Improve compression performance by conditionally skipping lazy evaluation #4533

BiplabRaut · 2025-11-26T11:36:58Z

Optional ZSTD_COMPRESS_FAST flag provided to speed up compression by restricting lazy evaluation to short matches.
Applied to levels 6 and 7. This helps improve lazy compression strategy. Optimization disabled by default.
This code change improves compression performance with little to no tradeoff for compression ratio and decompression performance. It is useful for applications that have high compression speed requirements.
Skip determinism test when this optimization option is enabled. Since the compression ratio varies, so it can't satisfy the determinism tests.
Performance Highlights :-
Benchmark result (single-threaded execution) graphs are shared below for the datasets: Silesia, Calgary, Canterbury and FreeBSD.
Other datasets like geekBench and Enwik showed similar trends.
Test Setup: AMD Genoa (Zen4) CPU, SMT OFF, GCC 14.2.1

…tion Optional ZSTD_COMPRESS_FAST flag provided to speed up compression by restricting lazy evaluation to short matches. Applied to levels 6 and 7. This helps improve lazy compression strategy. Skip determinism test when enabled. Optimization disabled by default.

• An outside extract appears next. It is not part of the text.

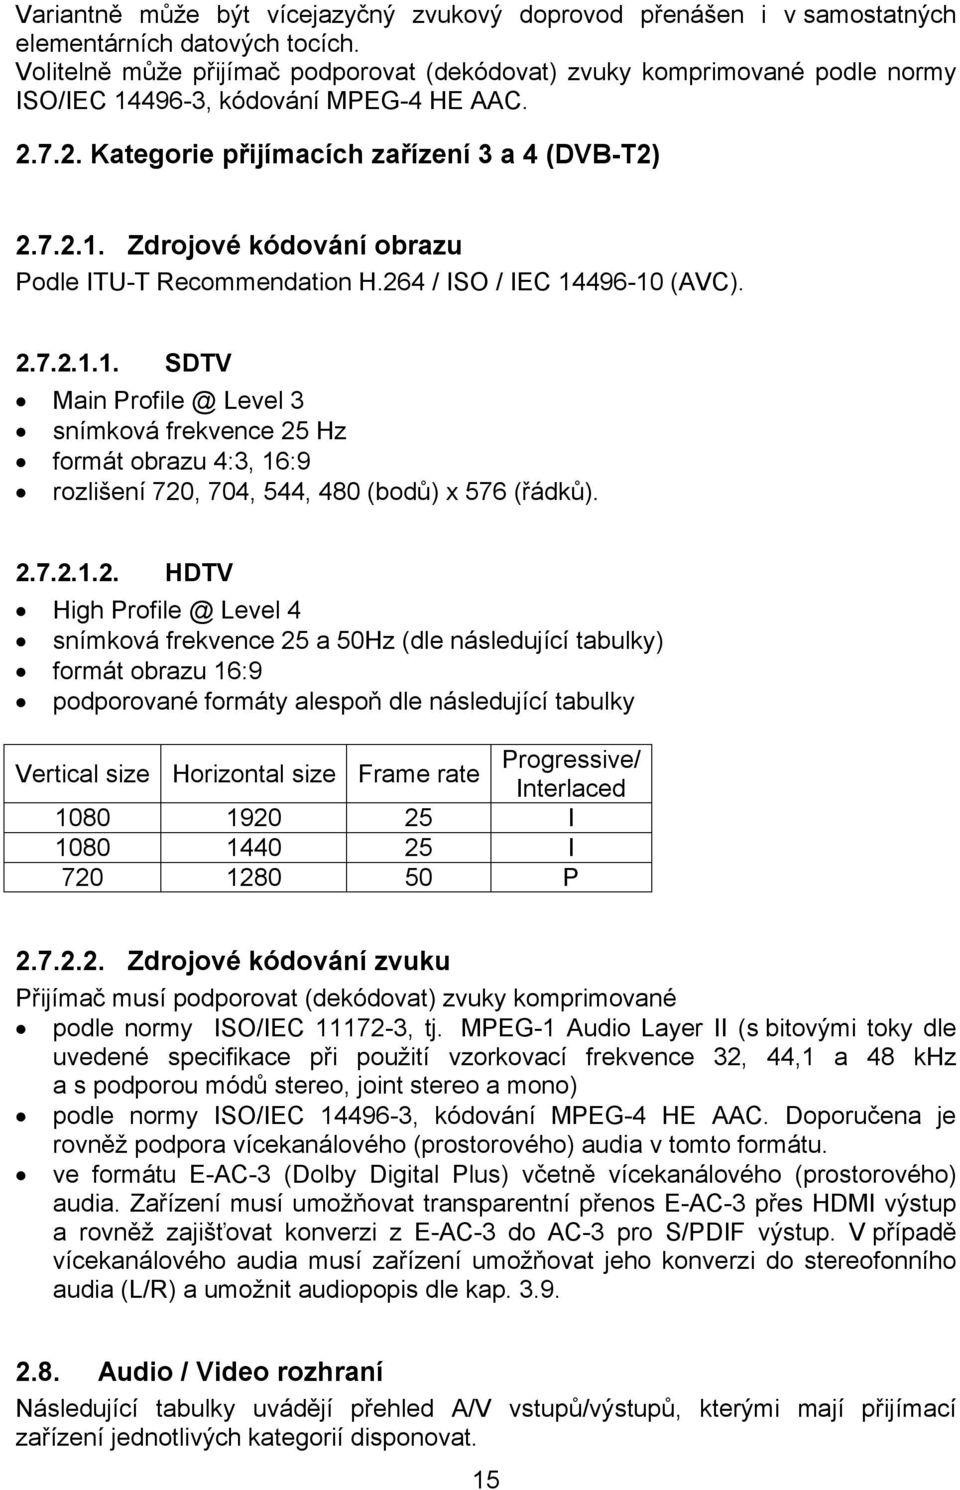 264 / ISO / IEC 14496-10 (AVC). 2.7.2.1.1. SDTV Main Profile @ Level 3 snímková frekvence 25 Hz formát obrazu 4:3, 16:9 rozlišení 720, 704, 544, 480 (bodů) x 576 (řádků). 2.7.2.1.2. HDTV High Profile

meta-cla · 2025-11-26T11:37:07Z

Hi @BiplabRaut!

Thank you for your pull request and welcome to our community.

Action Required

In order to merge any pull request (code, docs, etc.), we require contributors to sign our Contributor License Agreement, and we don't seem to have one on file for you.

Process

In order for us to review and merge your suggested changes, please sign at https://code.facebook.com/cla. If you are contributing on behalf of someone else (eg your employer), the individual CLA may not be sufficient and your employer may need to sign the corporate CLA.

Once the CLA is signed, our tooling will perform checks and validations. Afterwards, the pull request will be tagged with CLA signed. The tagging process may take up to 1 hour after signing. Please give it that time before contacting us about it.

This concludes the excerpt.